ESRA 2025 Preliminary Program
All time references are in CEST
New developments in research data infrastructures |
Session Organiser |
Dr Daniel Fuß (Leibniz Institute for Educational Trajectories (LIfBi))
|
Time | Wednesday 16 July, 11:00 - 12:30 |
Room |
Ruppert 114 |
The session is intended to gain an insight into current developments in regard to the provision of (a) research data and (b) innovative support services for data users. It points to the growing importance of research data management and the important role of data infrastructures to support researchers in an increasingly complex landscape with diverse data sources and data formats.
First starting point is the system of accredited Research Data Centers (RDC) in Germany. These RDCs were created to enable access to restricted research data, in particular data relating to individuals, households or companies. Such sensitive data require specific safeguards for provision and use. More than 40 RDCs act as a decentralized network of research data infrastructure providers for national and international scientists. They serve as a kind of “data trustee” whose quality assurance in terms of data editing, management, documentation, and dissemination is ensured by a joint accreditation and monitoring process with the German Data Forum (RatSWD).
The second starting point is the wide range of services that have been implemented as part of the Consortium for the Social, Behavioral, Educational and Economic Sciences (KonsortSWD) within the National Research Data Infrastructure (NFDI) in order to exploit new data sources and to further improve access to and use of data for empirical analyses. Examples include QualidataNet as a central platform for the secondary use of qualitative data resources, RDCnet as a planned network of interconnected onsite guest researcher workstations for improved access to highly sensitive information and Forum4MICA as an online place for the public exchange of information on all aspects of research data and research data management.
Based on selected contributions, the session will highlight opportunities for accessing relevant research data sources and related services with a discussion of challenges in their provision and gaps that still exist.
Keywords: Research Data Center, Data Access, Sensitive Data, Data User Services, Quality Assurance, Secondary Data Supply
Papers
RDM Compas - Competencies for Research Data Curation
Ms Ekaterina Chicherina (GESIS Leibniz Institute for the Social Sciences) - Presenting Author
The establishment of RDCs (Research Data Centers) ensures the secure access and storage of the high-quality data for secondary use. One of the limitations is the shortage of well-trained RDM (Research Data Management) specialists who are competent in a variety of skills needed for the research data curation. Compared to the educational support for researchers we observe a very limited choice of training opportunities for data curators in the field of professional RDM. Furthermore, data curators’ competences are still not clearly defined and standardised. To address these challenges, we established the information and training platform – RDM Compas. This platform is a part of KonsortSWD and offers support for the RDCs employees in their data curation work and provides them an opportunity to improve their professional skills related to RDM and data curation.

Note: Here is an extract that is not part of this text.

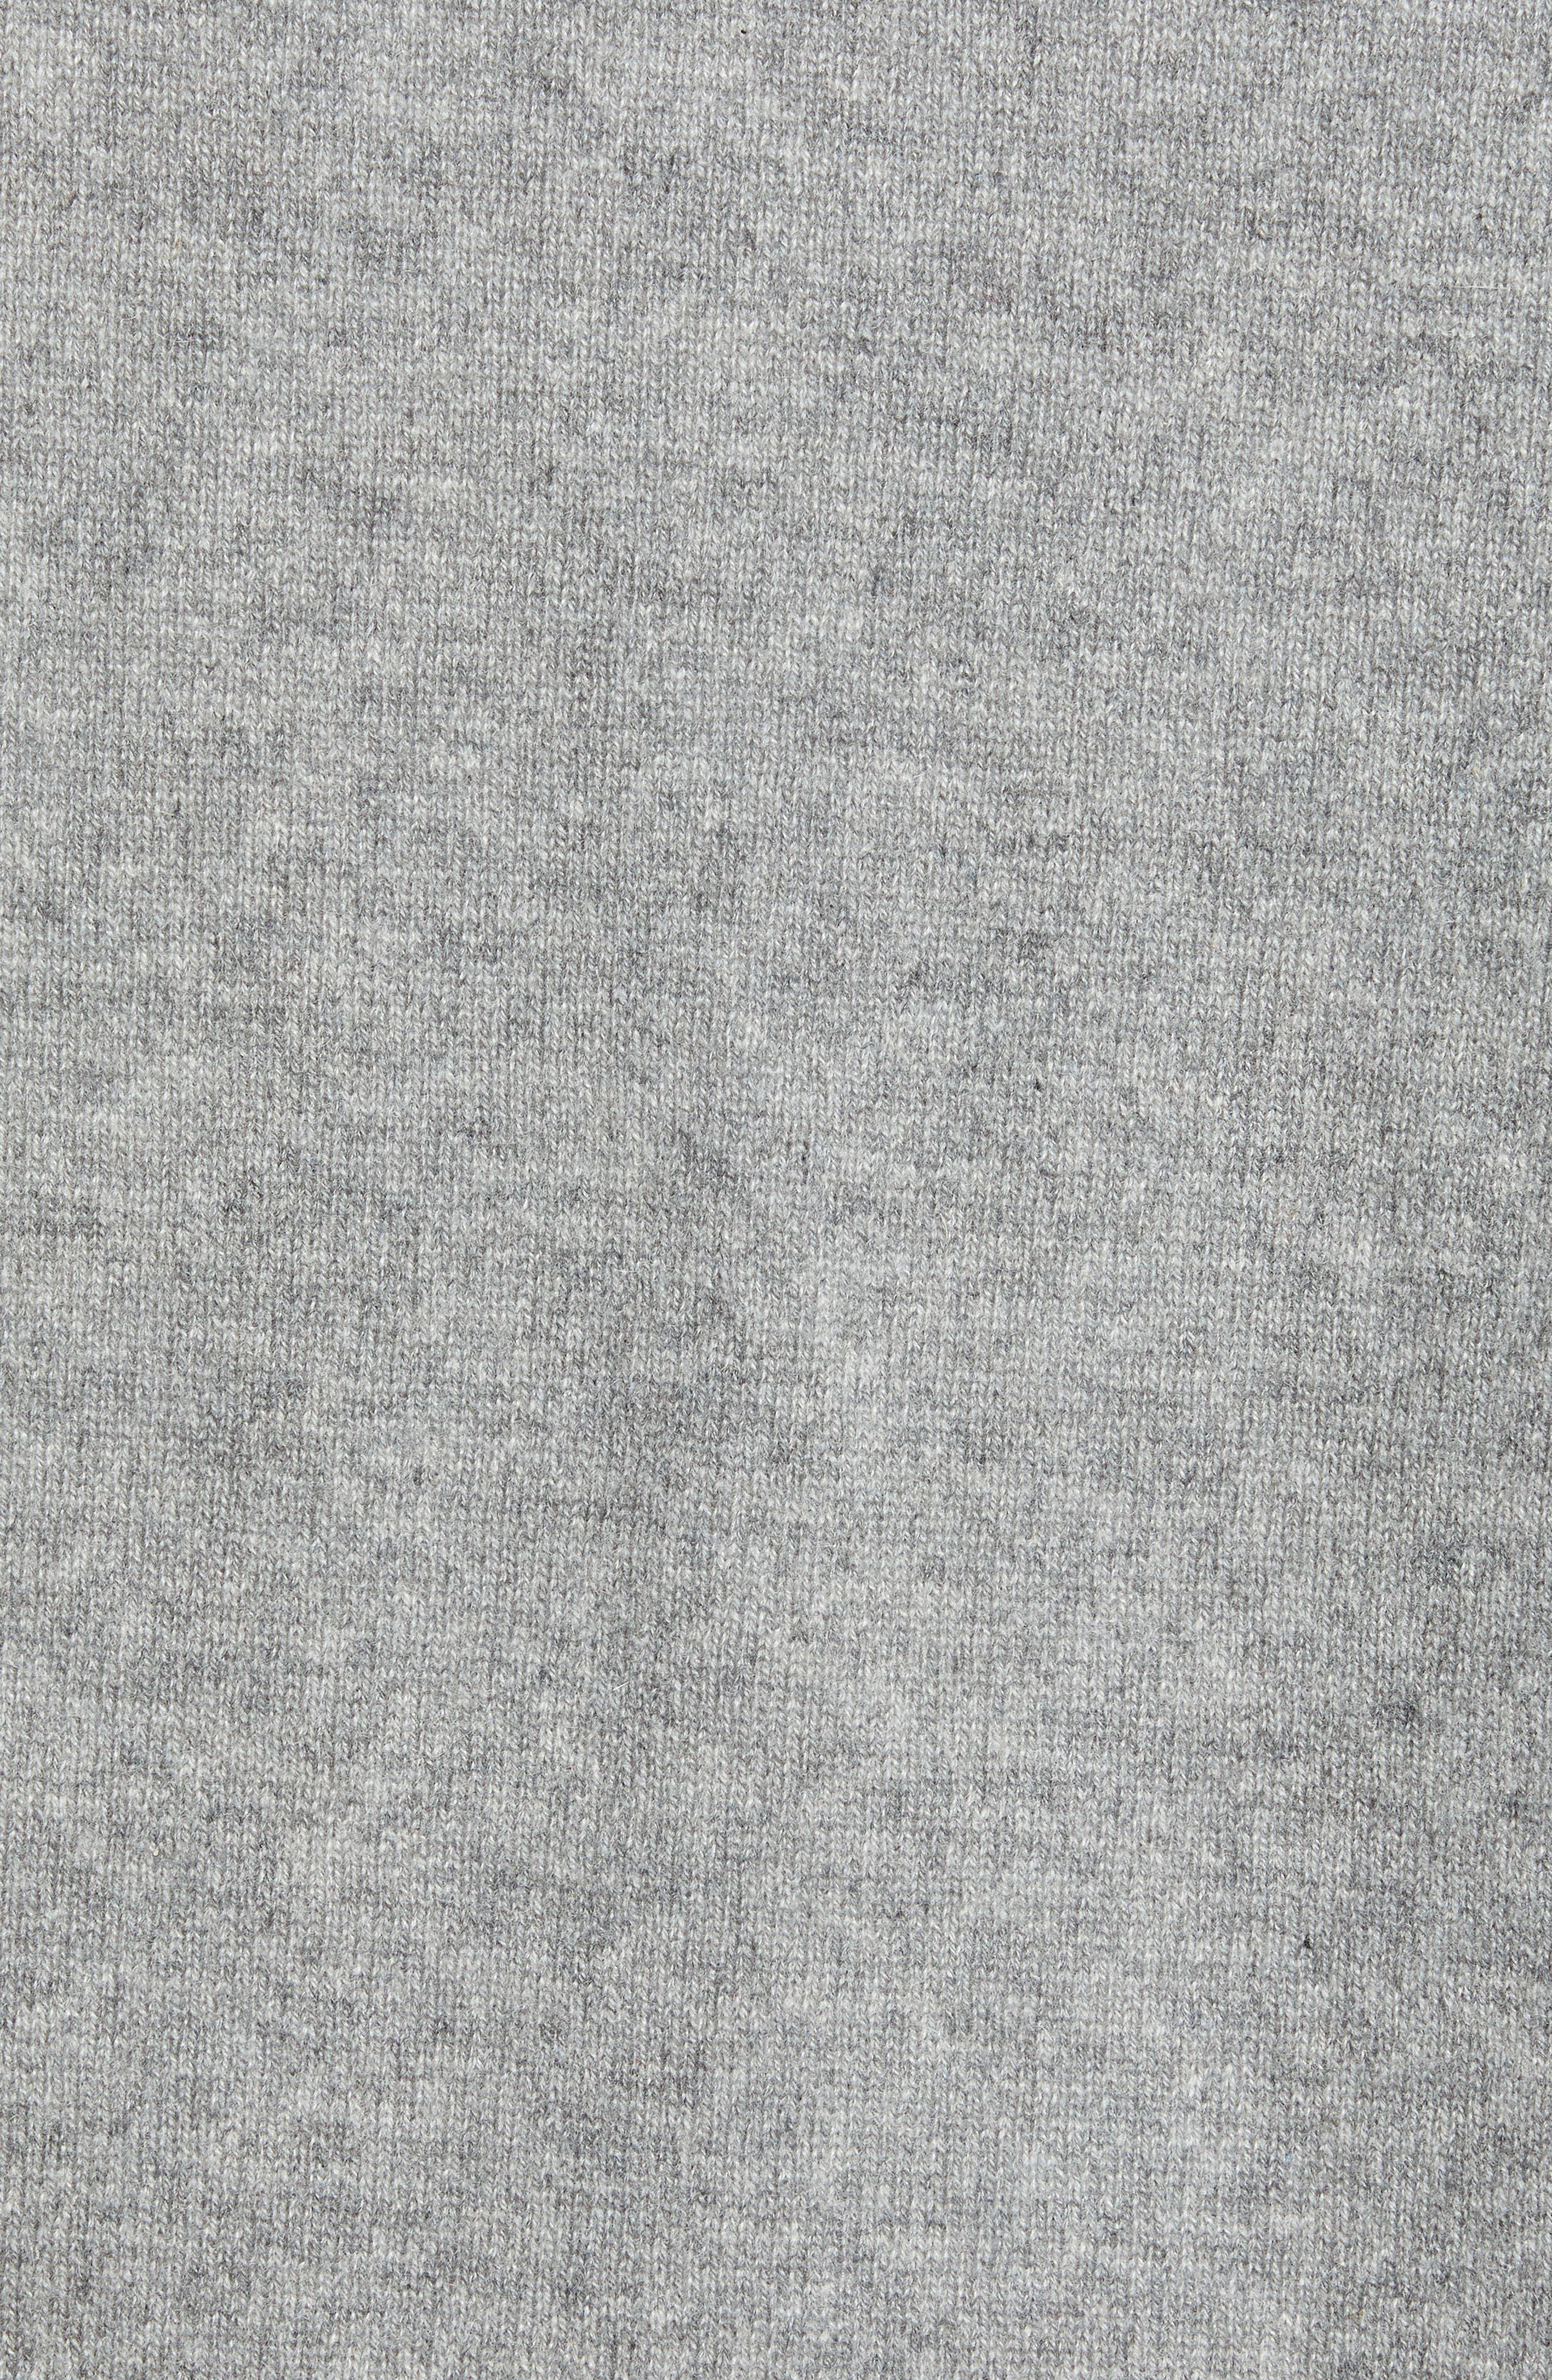 Regular Fit Cashmere Quarter Zip Pullover,                             Alternate thumbnail 5, color,                             GREY DRIFTWOOD

RDM Compas is divided into three main components: an RDM Knowledge Base, a Training Center and a Certificate Course Module. For all these components we use the Data Curation Lifecycle (Higgins, 2008) as a basis for describing the associated data curation tasks in detail. Thus, RDM Compas provides a comprehensive range of resources, including informational support in data curation processes, interactive training, and professional development in RDM. A variety of internally developed RDM courses, alongside the relevant external offers, practical learning paths, and specialized modules, guided by the OER (open educational resources) principles, cover key topics such as sensitive data handling, legal requirements, data ingestion, and publication processes. They are all designed to enhance the skills of RDC staff and facilitate collaboration with researchers. We believe that due to all RDM Compas elements, the development and use of our central platform for data curation will significantly contribute to improving data quality in RDCs and strengthening research data infrastructure overall.
Who will feed data archives? Suggestion and expectations
Mr Filippo Accordino (Institute for Research on Population and Social Policies - National Research Council) - Presenting Author
Mrs Daniela Luzi (Institute for Research on Population and Social Policies - National Research Council)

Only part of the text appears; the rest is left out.